Recuerdos de Oviedo: “Jardín de los Reyes Caudillos”

 

“Las verdades son ilusiones de las cuales se ha olvidado que son metáforas que paulatinamente pierden su utilidad y su fuerza, monedas que pierden el troquelado y que ya no pueden ser consideradas más que como metal, no como tales monedas”. (Nietzsche).

A veces, vale la pena dejarse llevar por el afán del momento. En ocasiones, sin haber trazado propósito alguno, decidimos abrir un paréntesis en medio de la cotidianidad, deteniéndonos a contemplar algo, a pensar acerca de un determinado tema, a rescatar un recuerdo, a imaginar una situación próxima, a trenzar una conversación que nos gustaría haber mantenido, o que desearíamos que tuviese lugar pronto.
A veces, en efecto, hay que detenerse, dejándonos llevar por el ímpetu del momento. Así lo hice recientemente, al pasar por delante del llamado “Jardín de los reyes caudillos”. Hay que ir más allá de la llamativa denominación que procede de 1942, y que es fácilmente explicable atendiendo a la fecha. Allí, justo al lado de la Catedral, se les rinde homenaje, mediante obras escultóricas de mérito incuestionable, a los reyes más conocidos de la monarquía asturiana.
Al lado de la Catedral, digo. No sólo se pone de manifiesto la cercanía de los poderes, la comunión entre el Trono y el Altar, tan omnipresente durante tantos siglos. Es que, más allá de eso, lo genuino, que, según creo, nos define en gran medida, es lo mucho que simboliza la Monarquía Asturiana acerca de lo que fuimos y somos en esta tierra.

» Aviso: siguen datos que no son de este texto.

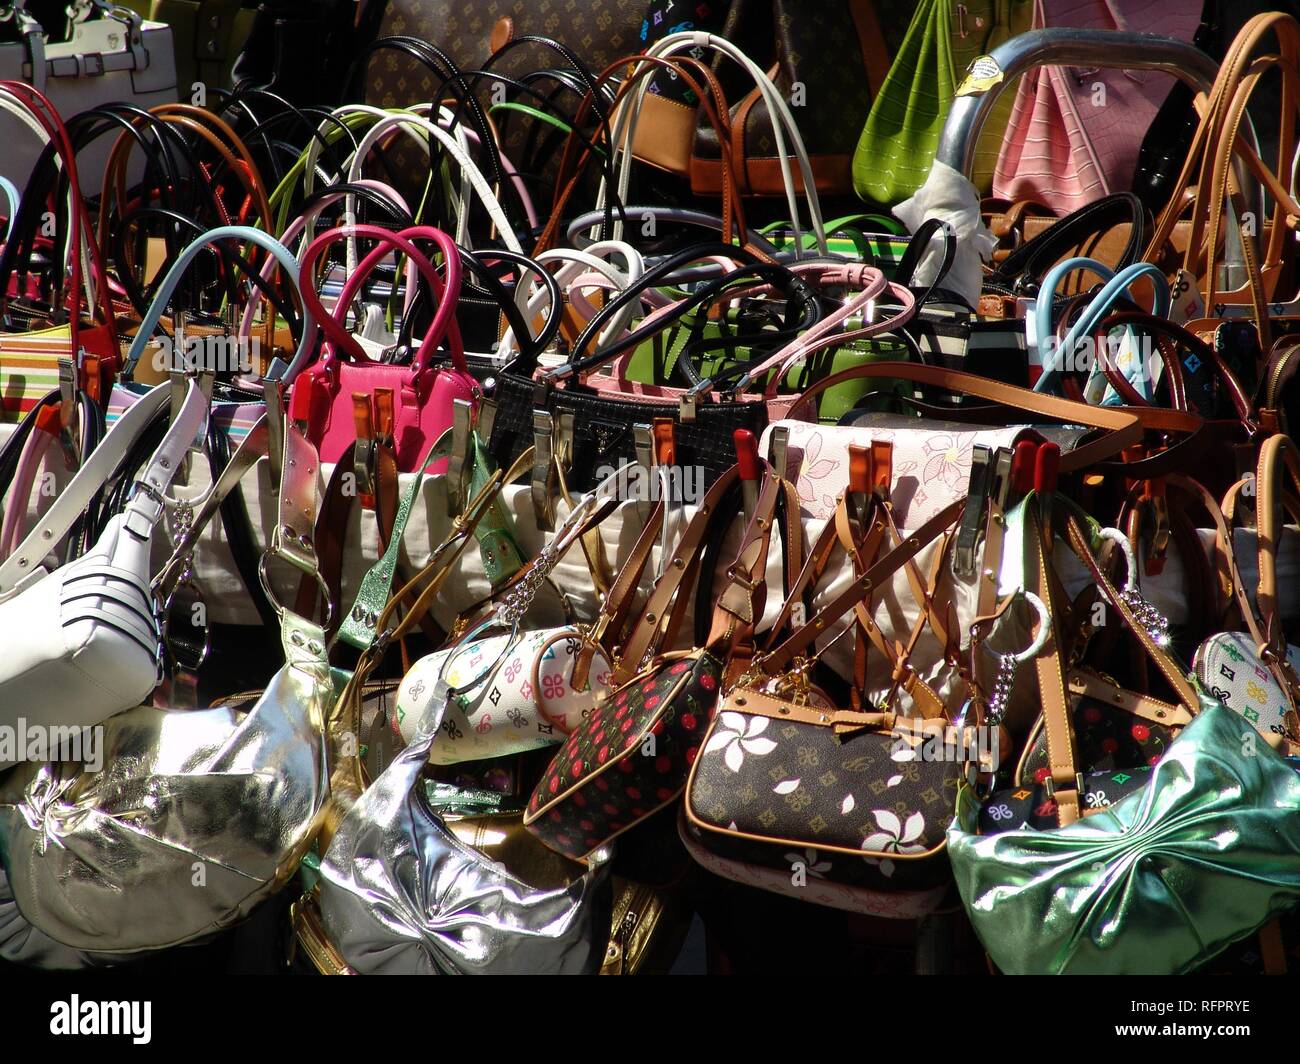 Selling Fake Bags On The Street Rome Italy Stock Photo - Download

Una monarquía que, sin entrar en otras consideraciones históricas que no son del caso aquí y ahora, se desplazó fuera de nuestra tierra, como lo hicieron tantas familias llegado el momento. Una Catedral que quedó inacabada si se piensa en su peculiaridad de contar con una sola torre.
De un lado, estamos ante lo de siempre: ante esplendores y decadencias. Pero, en nuestro caso, habría que añadir un factor más: una suerte de designio que nos lleva abandonar nuestra tierra, que nos impele a dejar inacabado un proyecto que, en el tiempo, es de antes y después de nosotros mismos.

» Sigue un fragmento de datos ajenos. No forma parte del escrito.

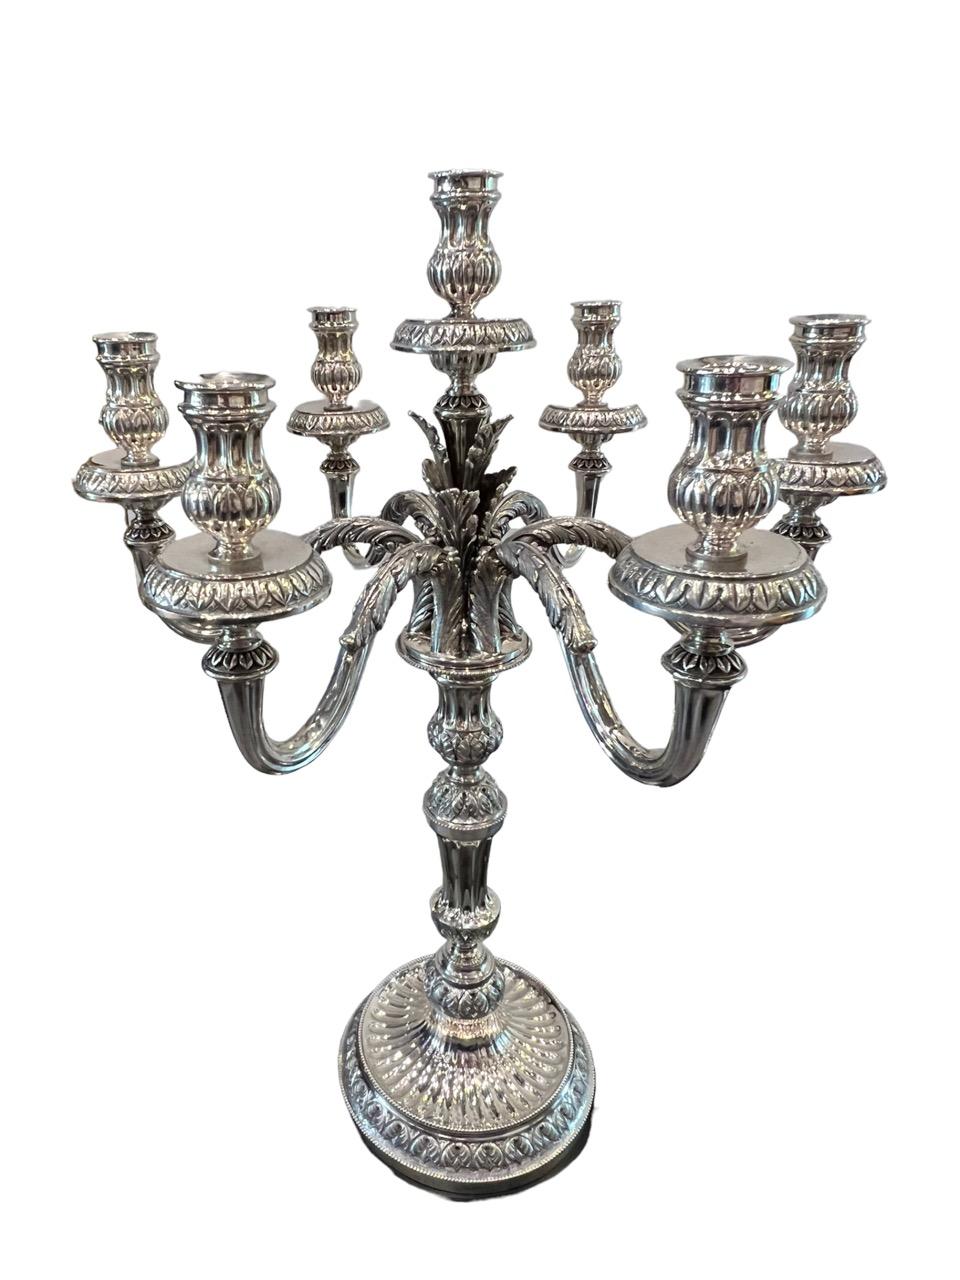 1910 Italian Pair of Sterling Silver Candelabras, Tall and Heavy 3

Si aceptamos que aquella Monarquía se trasladó, si dejamos de ser Corte, ello podría llevarnos a pensar en ese designio al que acabo de referirme: históricamente, los esplendores son efímeros y, al final, está el abandono de lo nuestro, la marcha, la emigración. Al final, lo grande no encuentra acomodo en una geografía tan pequeña.
Viene a ser como la contemplación de una casona solariega en la que, tras su época de esplendor, la estirpe se fue de allí en busca de otros horizontes. Nuestra tierra nos cautiva, nos atrapa, la amamos con intensidad, pero, en un momento dado, la tenemos que dejar, se nos queda pequeña. ¿Será éste nuestro sino?

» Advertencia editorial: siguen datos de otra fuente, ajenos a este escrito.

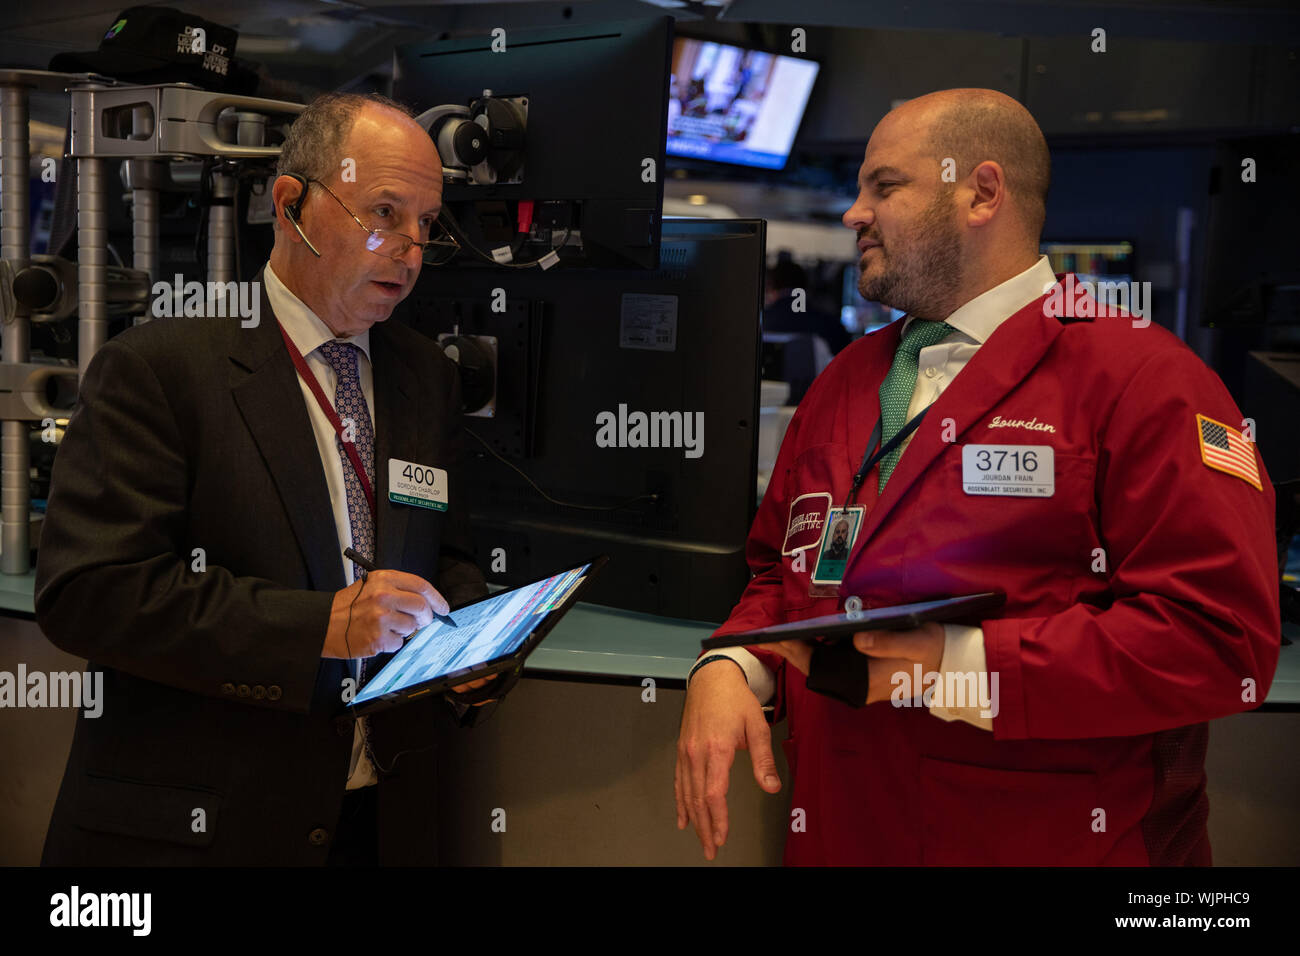 New York, USA. 3rd Sep, 2019. Traders work at the New York Stock Exchange in New York, the United States, on Sept. 3, 2019. U.S. stocks closed lower on Tuesday. The Dow Jones Industrial Average fell 285.26 points, or 1.08 percent, to 26,118.02. The S&P 500 was down 20.19 points, or 0.69 percent, to 2,906.27. The Nasdaq Composite Index fell 88.72 points, or 1.11 percent, to 7,874.16. Credit: Guo Peiran/Xinhua/Alamy Live News Stock Photo

Más allá del significado de la Monarquía Asturiana propiamente dicha, más allá del valor artístico de las esculturas del jardín que nos ocupa, lo que se pone de manifiesto al contemplar el enclave del que vengo hablando es nuestra inveterada tendencia histórica a la discontinuidad y al abandono de nuestra tierra.
No sólo hablamos de un proceso histórico en el que la decadencia está, forzosamente, en el guion; es que, además, nos topamos con el sino de una geografía que, antes de que se produzca el declive, nos lleva a dejar atrás lo nuestro.
“Jardín de los Reyes Caudillos”. Insisto en que la denominación se las trae. Pero, más allá de la nomenclatura propiamente dicha y a la paternidad en tal denominación del que fuera canónigo, don Cesáreo Rodríguez y García-Loredo, lo fascinante son las piedras nobles, las esculturas de los reyes, el entorno catedralicio. Raigambre asturiana que luce con el sol, que se ensimisma con la lluvia y el frío y que manda sus destellos mágicos, propios de la leyenda, por las noches.
“Jardín de los Reyes Caudillos”. Al observarlo, confieso que se tiene la sensación de que esos monarcas asisten, en un lugar de privilegio, a las liturgias más solemnes que tienen lugar en la Catedral. Y asisten desde sus piedras nobles, subidas a los altares de lo artístico, por los escultores que los homenajearon.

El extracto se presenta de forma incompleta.